In fact, Swartz says he’s noticed more acquisition candidates raising their hands to catch Tyco’s notice. And he insists that his basic wish list has not changed. First on that list, he says, is the ability to cut costs at the target operation. “We never predicate based on top-line growth,” he says, “and we are risk-averse. Our approach to acquisitions historically has been that every acquisition has risk in it.

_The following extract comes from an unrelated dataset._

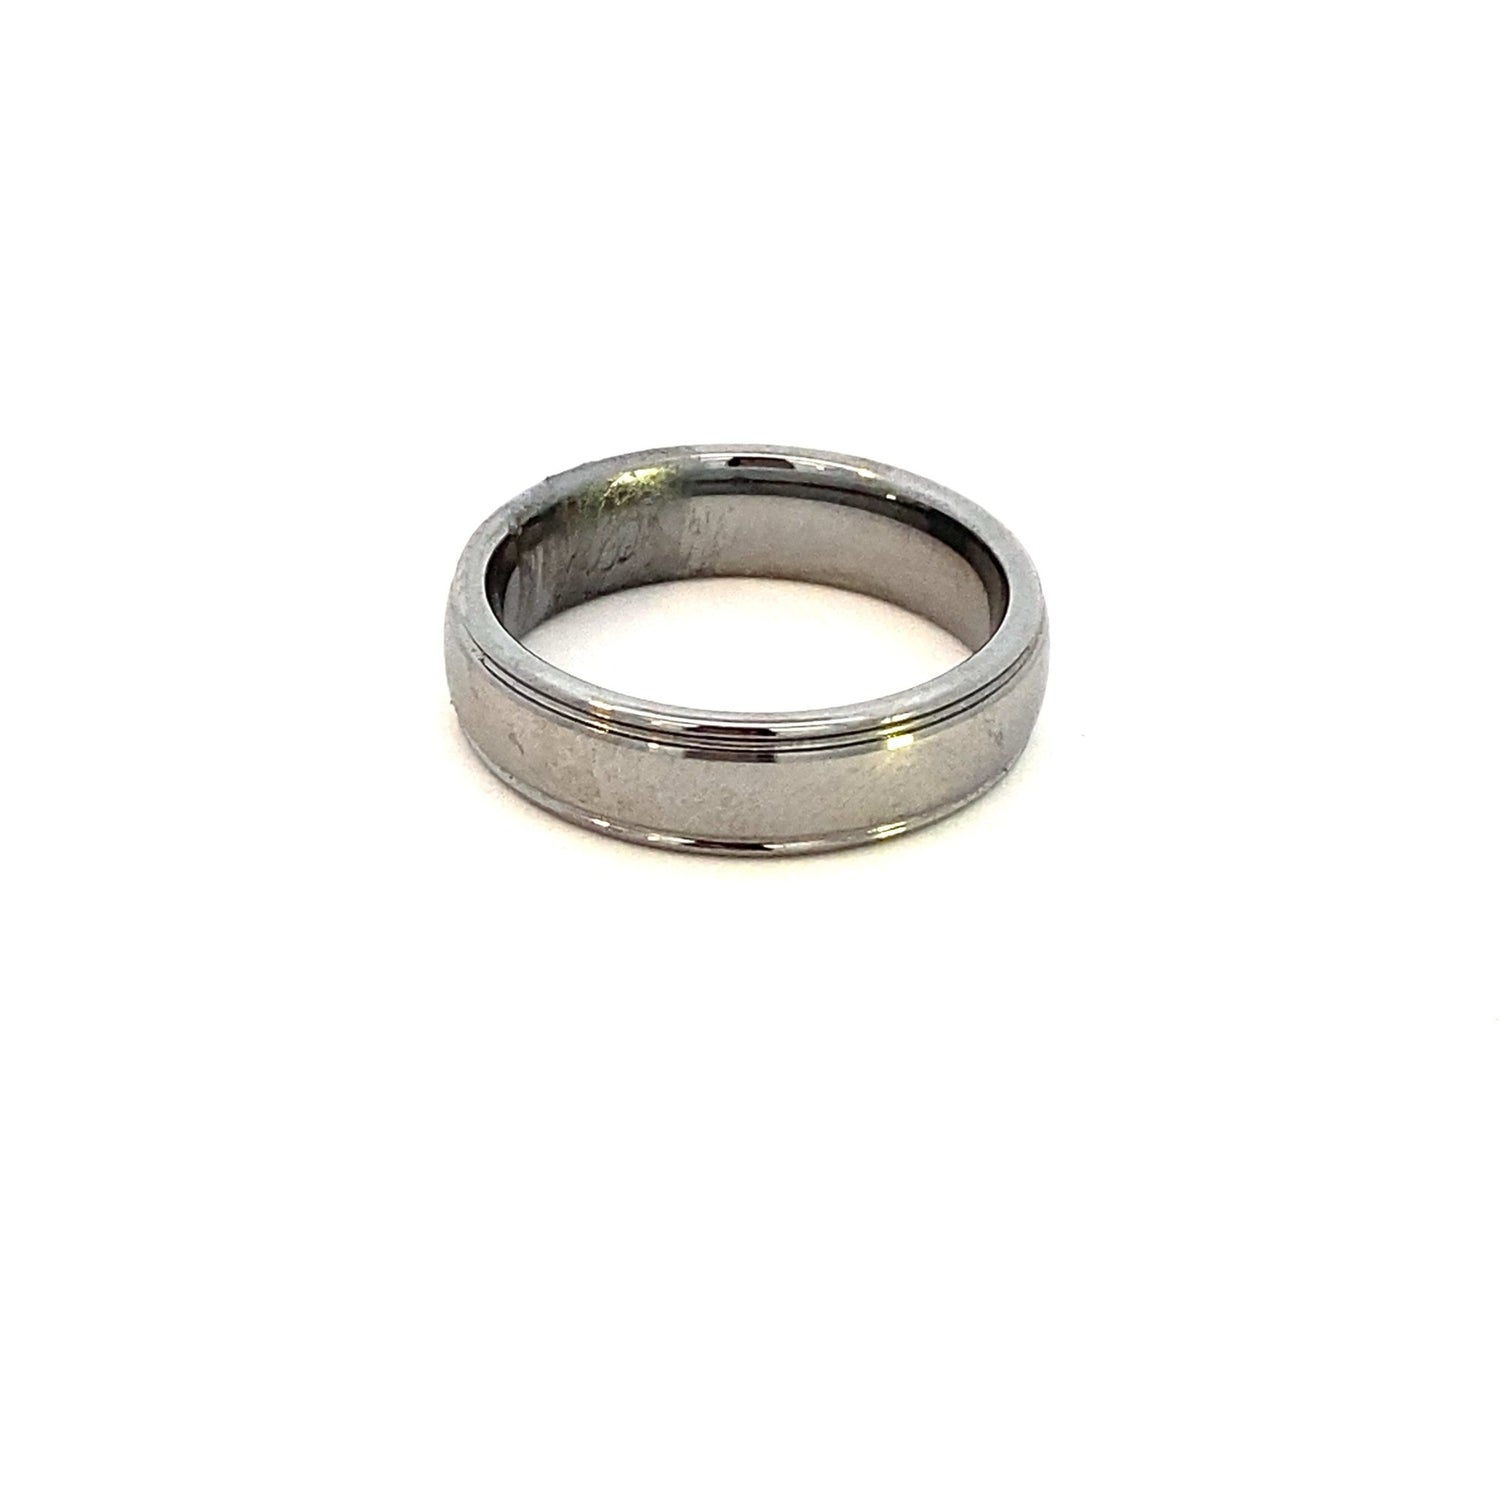 Ring-wed band, tungsten, 6mm - Gaines Jewelers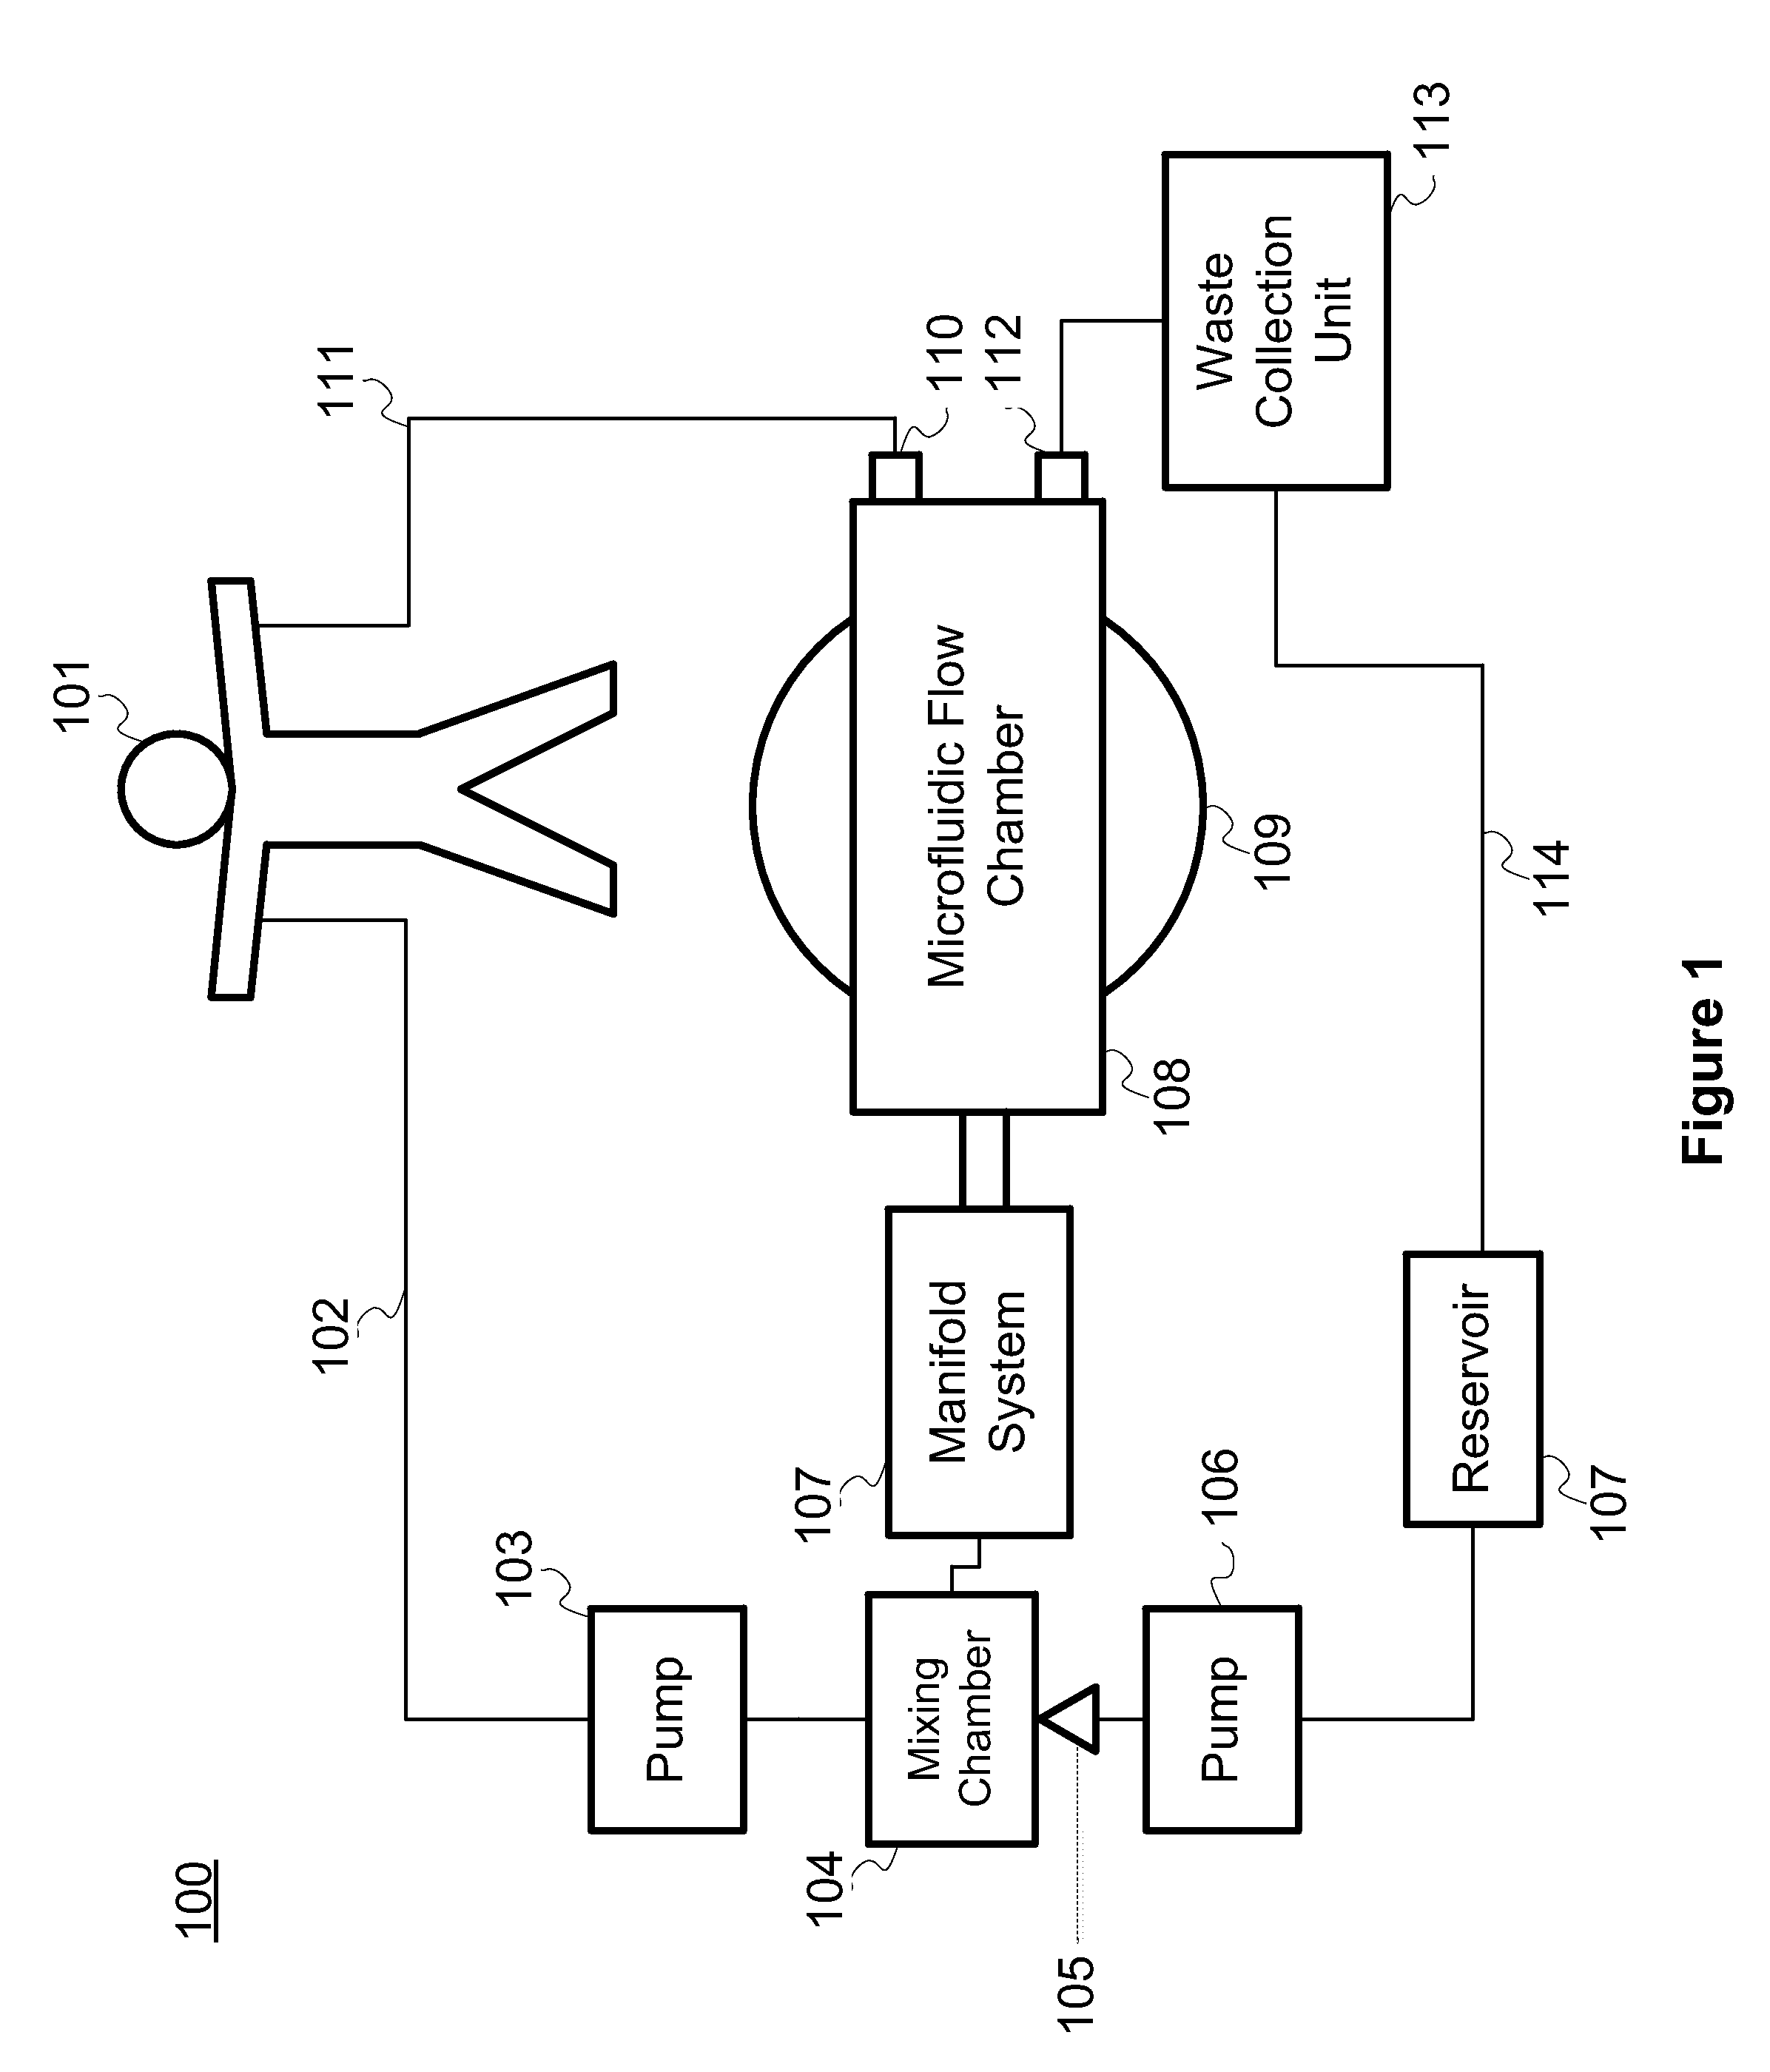 System and method for blood separation by microfluidic acoustic focusing

So everything we do is designed to decrease that risk—from due diligence, to conservativeness in estimating revenues and cost reductions, to making sure we pay a reasonable price.”

Before long, the concentration on price could even mean a return to candidates in the electronics field, where the prices companies were asking during the first eight months of 2001 seemed quite high. “September 11 has hit home with many of these [corporate] sellers,” says Swartz. “They’re becoming more realistic.”


The hits keep coming in Tyco’s acquisition binge.*

Company Bought (Month Completed) Price Terms Division
C.R. Bard (Expected 12/01) $3.2 bill Stock Health care
Sensormatic (Expected 11/01) $2.3 bill. Stock Fire & security
CIT (6/01) $9.2 bill. Stock & Cash Financial
Simplex Time Recorder (1/01) $1.1 bill. Cash Fire & security
Lucent Power Systems (12/00) $2.5 bill. Cash Electronics
Mallinckrodt (10/00) $4.2 bill. Stock Health care
Thomas & Betts Electronic OEM (7/00) $750 mill. Cash Electronics
Siemens Electro Products (11/99) $1.1 bill. Cash Electronics

*includes only deals of $750 million or more.